Oct 9 11:54:05 overcloud-compute-15 journal: 2019-10-09 09:54:05.820+0000: 557266: info : libvirt version: 4.5.0, package: 23.el7_7.1 (Red Hat, Inc. <http://bugzilla.redhat.com/bugzilla>, 2019-08-16-11:33:27, x86-vm-28.build.eng.bos.redhat.com)
Oct 9 11:54:05 overcloud-compute-15 journal: 2019-10-09 09:54:05.820+0000: 557266: info : hostname: overcloud-compute-15
Oct 9 11:54:05 overcloud-compute-15 journal: 2019-10-09 09:54:05.820+0000: 557266: error : virNetSocketReadWire:1806 : End of file while reading data: Input/output error
Oct 9 11:54:05 overcloud-compute-15 dockerd-current: time="2019-10-09T11:54:05.931711967+02:00" level=warning msg="dcb3e6206fe2a41e7d9888fe9a8fe0577516e50ac5f6fb18d6cb8494d0d3e26b cleanup: failed to unmount secrets: invalid argument"

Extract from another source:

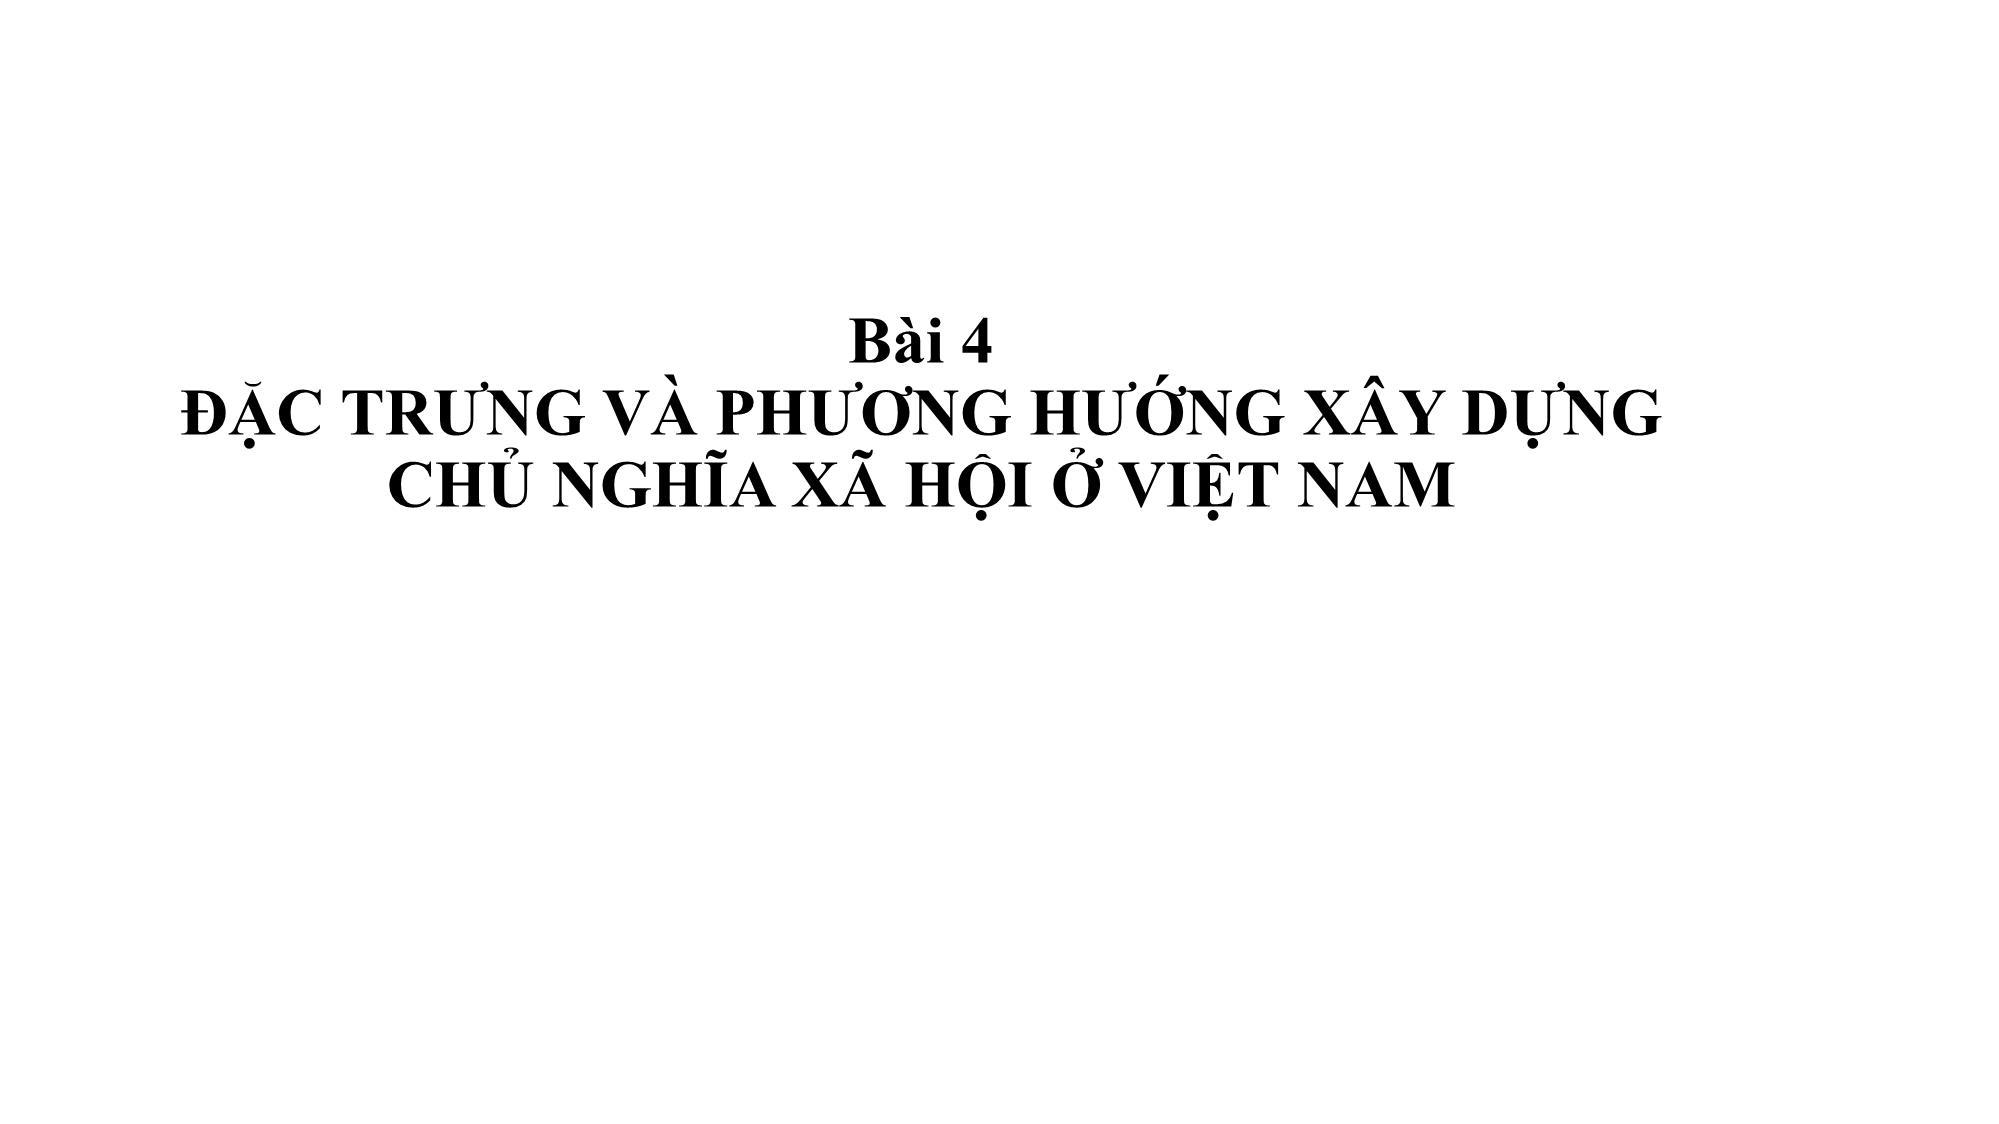 Bài giảng Chính trị - Bài 4: Đặc trưng và phương hướng xây dựng chủ nghĩa xã hội ở Việt Nam trang 1

Oct 9 11:54:05 overcloud-compute-15 docker: nova_compute
Oct 9 11:54:06 overcloud-compute-15 libvirt-guests.sh: Running guests on default URI: instance-0000111d, instance-00000e59, instance-000015ea, instance-00000d36
Oct 9 11:54:06 overcloud-compute-15 libvirt-guests.sh: Shutting down guests on default URI...

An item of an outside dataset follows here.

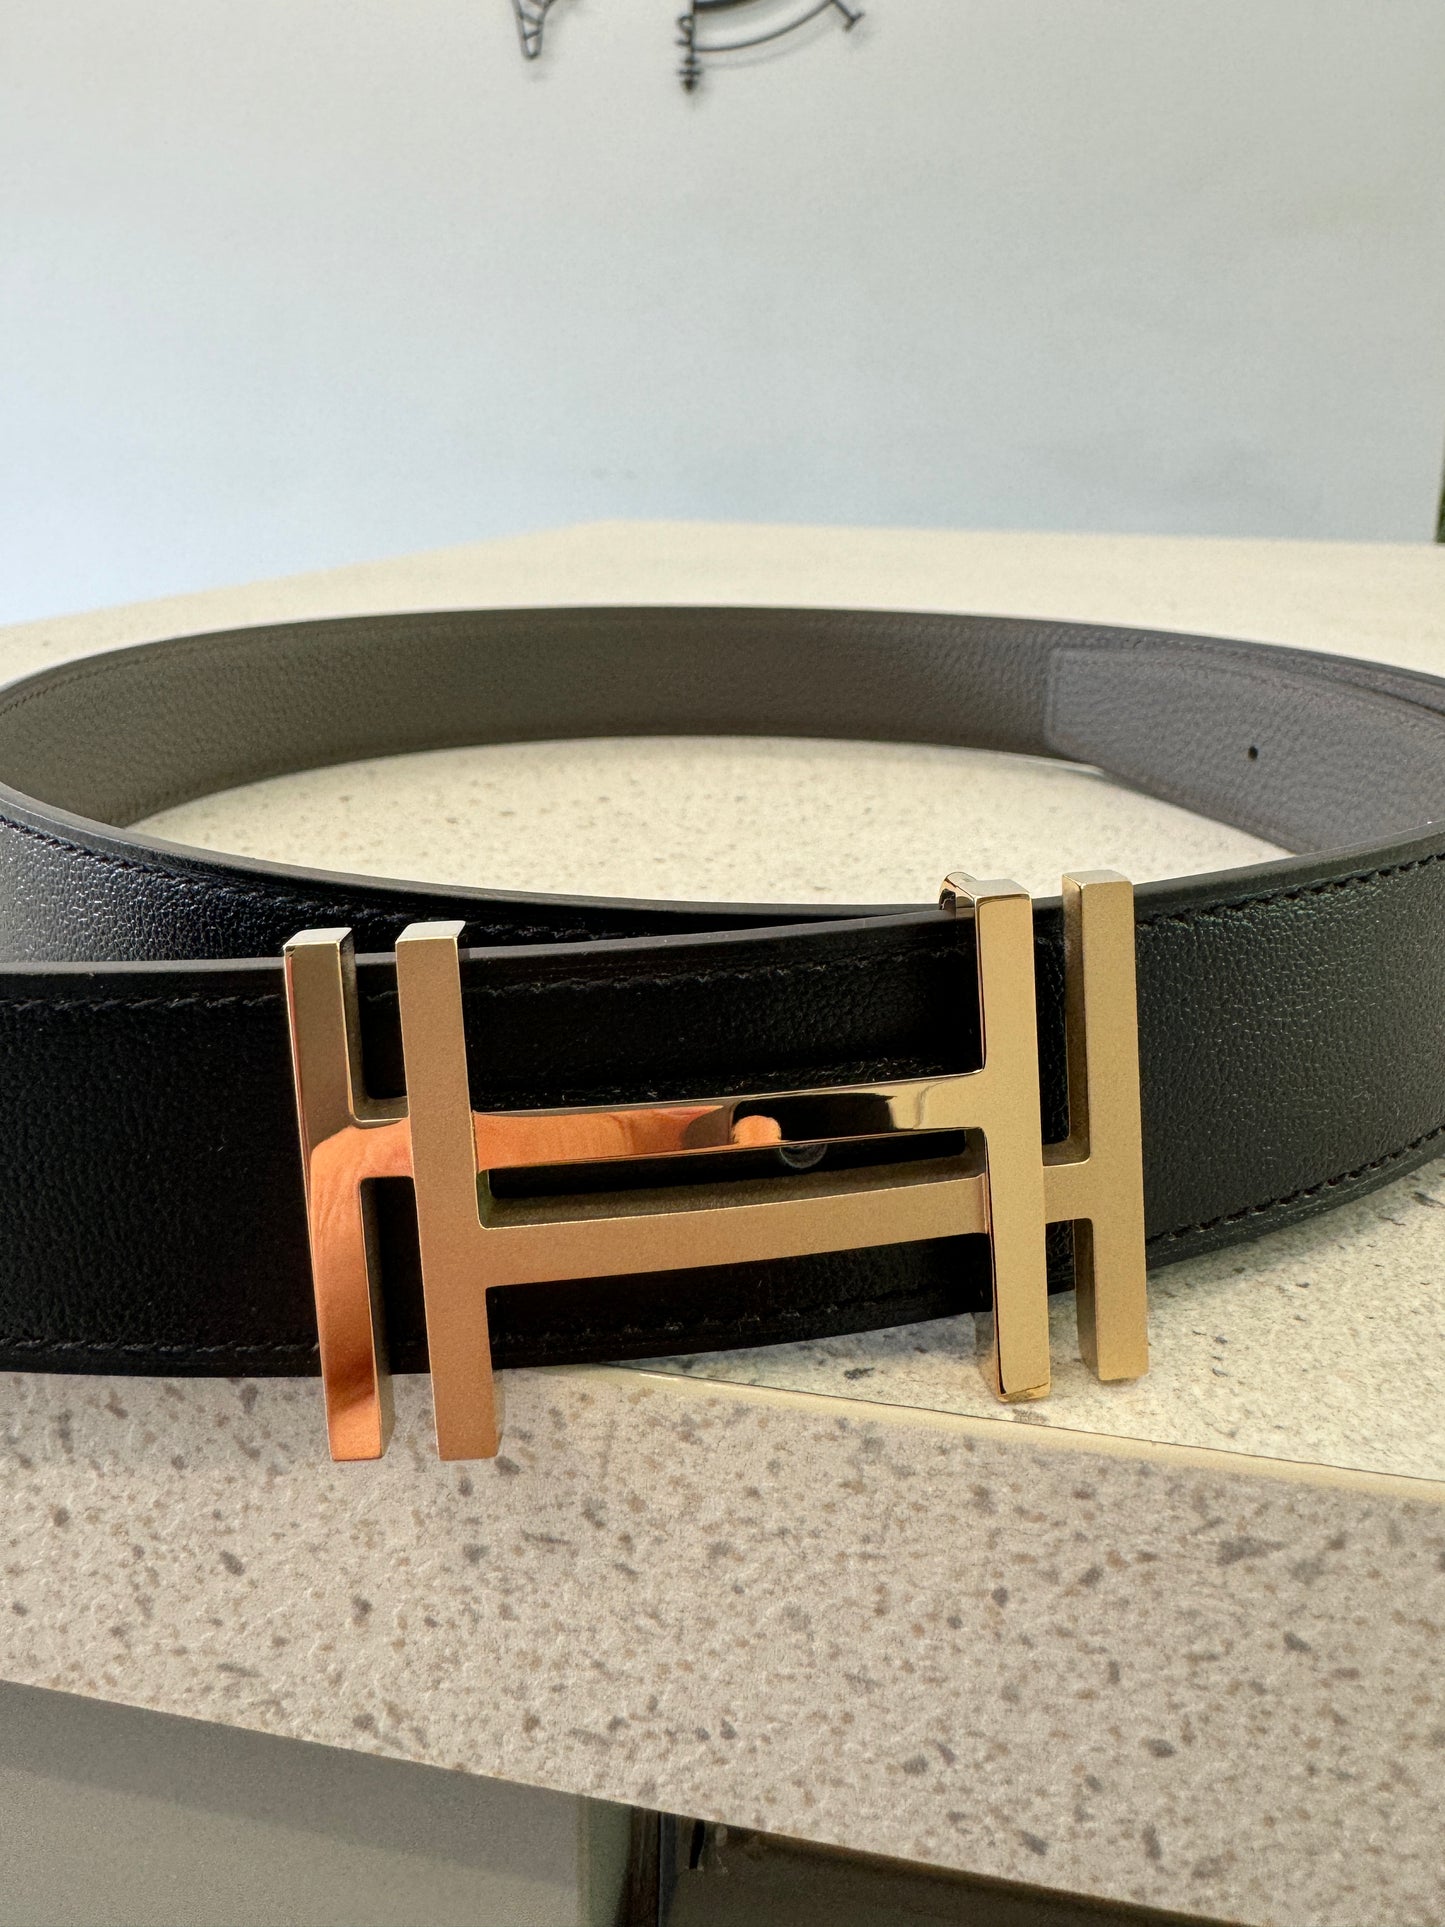 Hermes Men's Belt - 32mm (90cm) in Black/Etain

Oct 9 11:54:06 overcloud-compute-15 libvirt-guests.sh: Starting shutdown on guest: instance-0000111d
Oct 9 11:54:08 overcloud-compute-15 libvirt-guests.sh: Waiting for guest instance-0000111d to shut down, 300 seconds left
...

--- Additional comment from Martin Schuppert on 2019-10-22 14:04:25 UTC ---

If there is a config change to /etc/sysconfig/libvirt-guests, the service is notified
to get restarted which results in a stop of the instances on the compute via libvirt-guests.
Due to the NovaResumeGuestsStateOnHostBoot set to true the instances get later started
again by nova.

Working on a patch to remove the restart on config change as /usr/libexec/libvirt-guests.sh
sources /etc/syscontig/libvirt-guests on each run, so it is not required.